After returning from a fruitless patrol to find guerrilla fighters, return to a Chuspi that was attacked and covered with pro-communist graffiti. Roca responds to the incident by gathering all residents of the town in to the main plaza, raising a large Peruvian flag and forcing citizens to sing the National Anthem of Peru, "Somo libres" ("We are free"), while troops shove individuals who are not singing.

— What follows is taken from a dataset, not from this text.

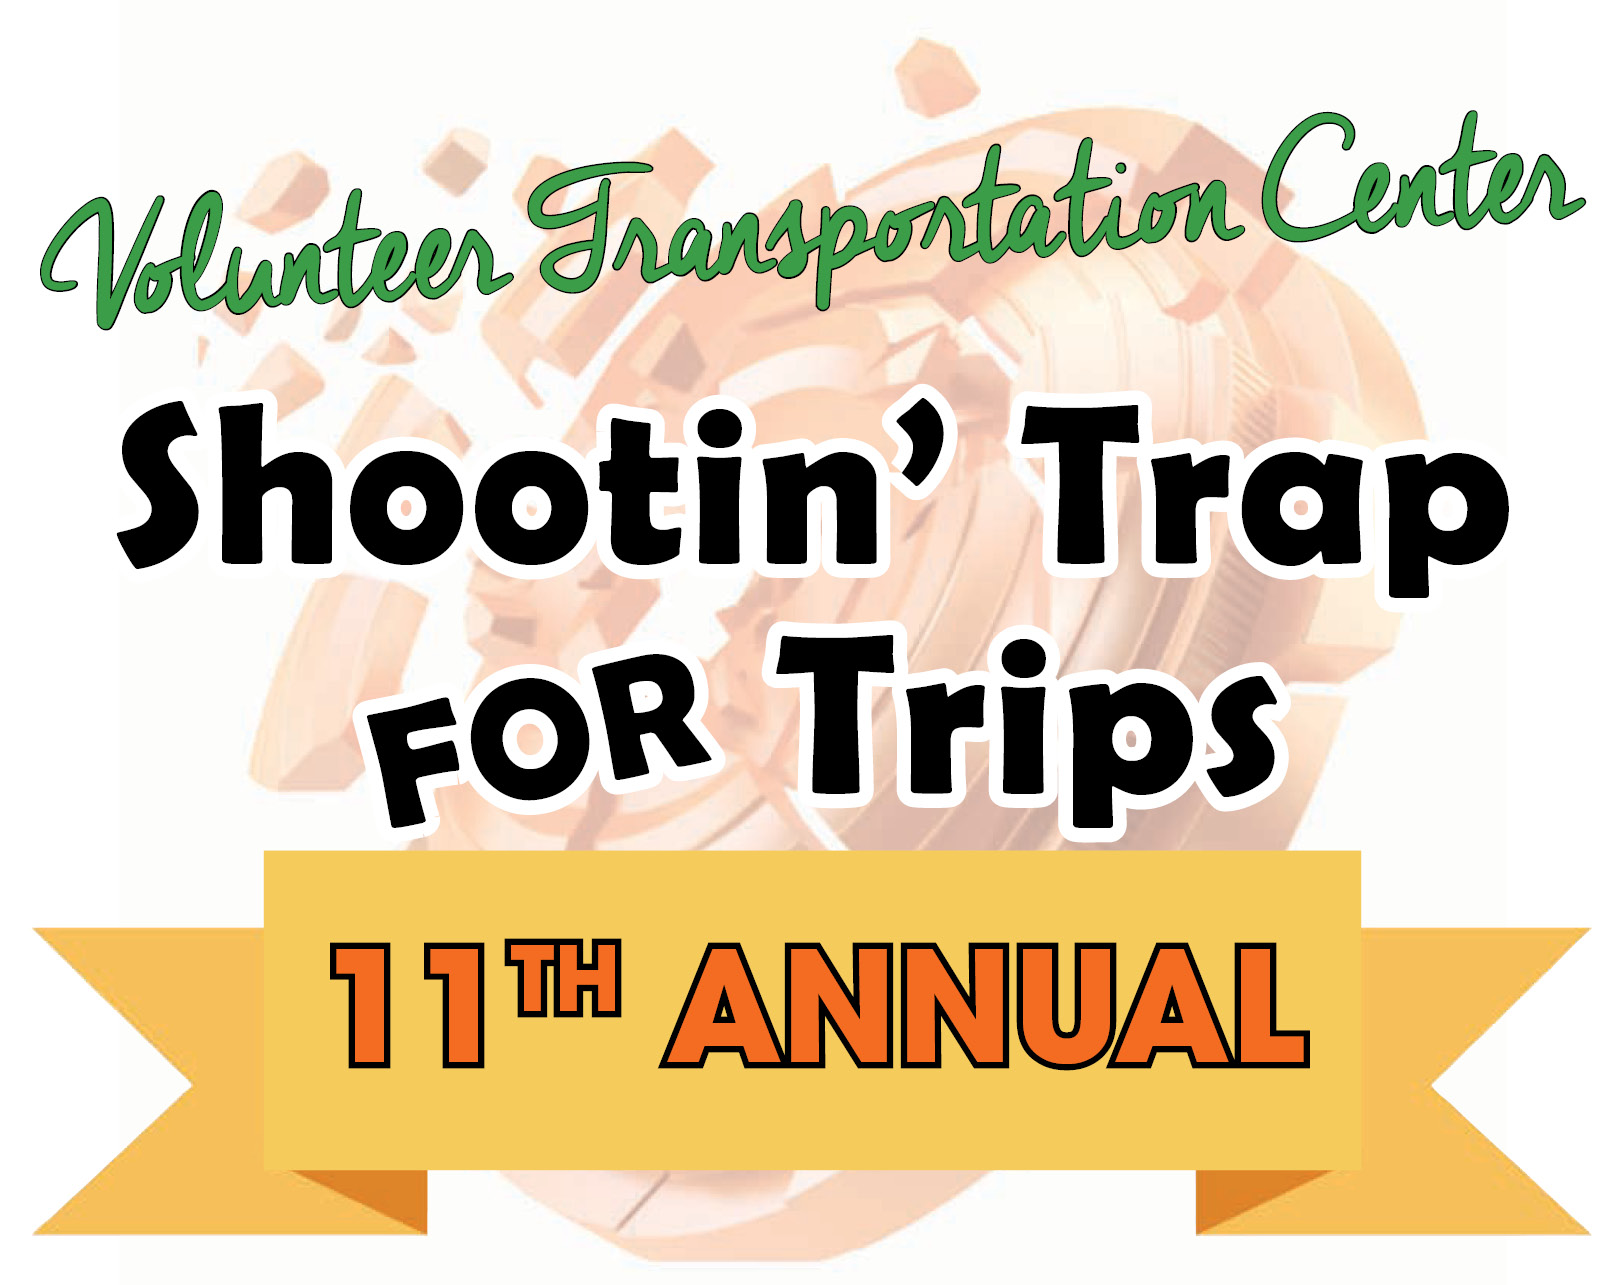 Shootin’ Trap for Trips Annual 50 Bird Shoot

One night, Gallardo strolls to a shop where Julia, a shopkeeper who had previously rejected his advances, is closing for the night and forces his way in to rape her. Luna witnesses what had occurred and when Julia and a relative approach Roca the following day to tell the officer about the incident, Luna remains silent and the allegations are dismissed by Roca. Later that night, Kike and another soldier interrupt a celebration of a marriage proposal in the town, with the two being attacked while attempting to forcibly enter the event and being accused of raping Julia. Kike returns to the barracks accusing the partygoers of collaborating with guerillas in the area, leading to all of the villagers present being detained while others are violently interrogated. While torturing a man, Roca kills him in a rage after he is spit on.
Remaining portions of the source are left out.